Most of the Third World, however, has not achieved political independence by means of mass movements or social revolutions, Much of it did not even contain the initial bases for a modern state, and indeed, as in so much of Africa, the main function of the new state apparatus was as a mechanism for the production of a national bourgeoisie or ruling class, which previously barely existed. In such countries the legitimation of the state is uncertain. In nineteenth-century Latin America as in mid-twentieth century Africa it may not even be clear what territory the state should occupy, its frontiers being determined by historical accident, such as the administrative divisions of former colonial rule, former imperial rivalry, or economic accidents such as the distribution of large estates. Only military power is real, because the least efficient and experienced of armies is efficient enough to surround the presidential palace and occupy radio station and airport without calling upon any other force, and there is rarely another force to call on, or if there is, the government may hesitate to call upon it. Even that power is often not very real. As the failed coups in parts of former British and French Africa show, a very small European force can often neutralize it. (Conversely, many a putsch has been due in recent years to the official or unofficial encouragement by outside powers.) But broadly speaking the Third World is putschist, because it has had no real revolutions, and today more putschist than ever because both local forces and outside powers wish to avoid revolutions. The much rarer case where soldiers take over because there is a basis for revolution, but no adequate civilian force to carry it out, will be considered below.

Military politics, in advanced countries as in the Third World, is therefore not a special kind of politics, but something that fills the vacuum left by the absence of ordinary politics. It may establish or re-establish ordinary politics when, for one reason or another, these have broken down. At worst they prevent social revolution without putting anything in its place except the hope
that sooner or later an alternative solution to it will turn up. This is the case of so many Latin American military regimes – the Argentinian and Brazilian, or of the Polish ‘colonels' between the wars, and the Greek one at present. If the army coups are lucky, the wheels of the economy will turn, the mills of administration will grind on, and the successful generals can retire to the sidelines or sit out their prolonged term as presidents, benefactors or liberators of their country. If they are less lucky, there may be a slump in primary commodity prices and the wheels of the economy stop, i.e. the taxes stop coming in, the debt cannot be serviced. This has put paid to quite a few military rulers in their time, as in the mid–1950s. If the soldiers are even less lucky, and there is no economy or institutional apparatus behind them, even military government will have no stability. It will last until the next colonel sees his chance to speculate on the big race. The most backward and dependent countries have had the most persistent history of short-lived military regimes.

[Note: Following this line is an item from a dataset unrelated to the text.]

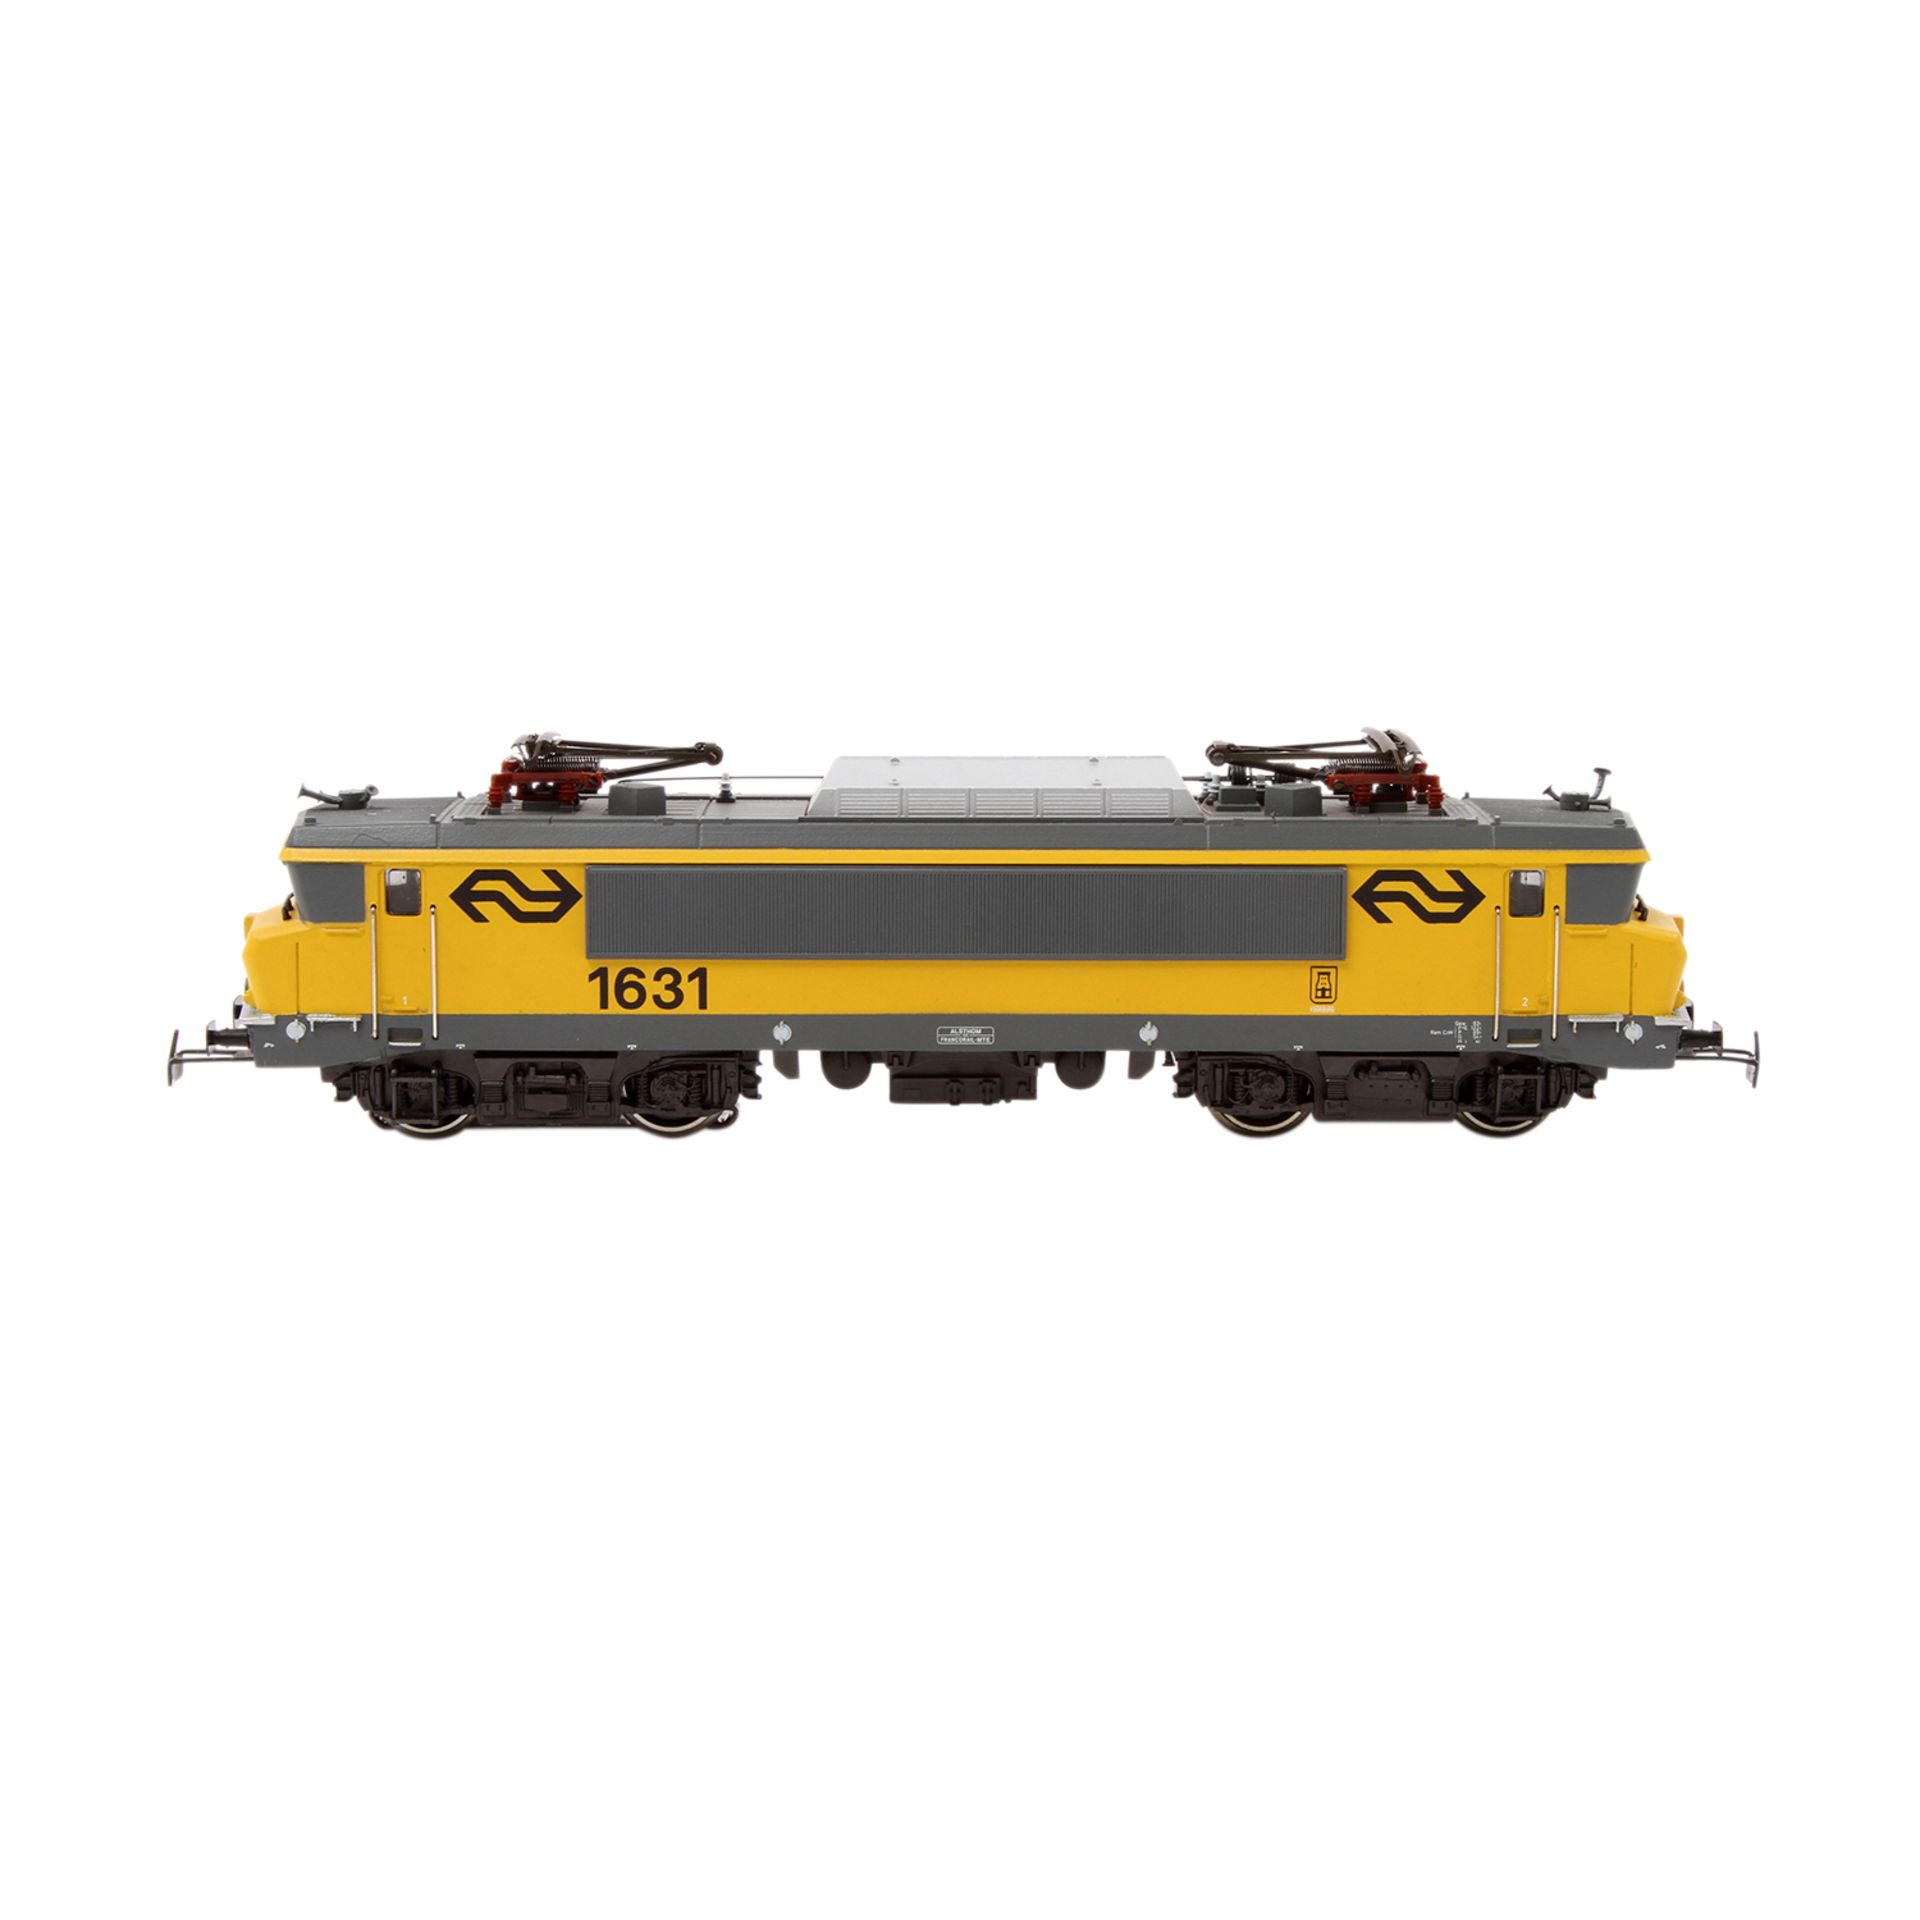 MÄRKLIN E-Lok 3326, Spur H0, Guss-Gehäuse, grau/gelb, BR 1600 der NS, BN 1631. Im Originalkarton - Bild 3 aus 8

One reason for this rather negative character of military politics is, that army officers rarely wish to govern themselves, or are competent at any activity except soldiering, and sometimes not even at that. The increasing professionalization and technification of modern armed forces has not substantially changed this. Their qualification and training as a group are wrong for government. A glance at the mess the Brazilian officers made after 1964 when they actually set about administering or purging the administration, is sufficient to prove the point. The normal course of military politics is therefore to decide who is to be the government and then find some civilians to actually carry it on, reserving the right to throw them out when they cease to give satisfaction while perhaps – indeed probably – making the leader of the military coup president or premier. But there may be situations when a more positive role is forced upon them.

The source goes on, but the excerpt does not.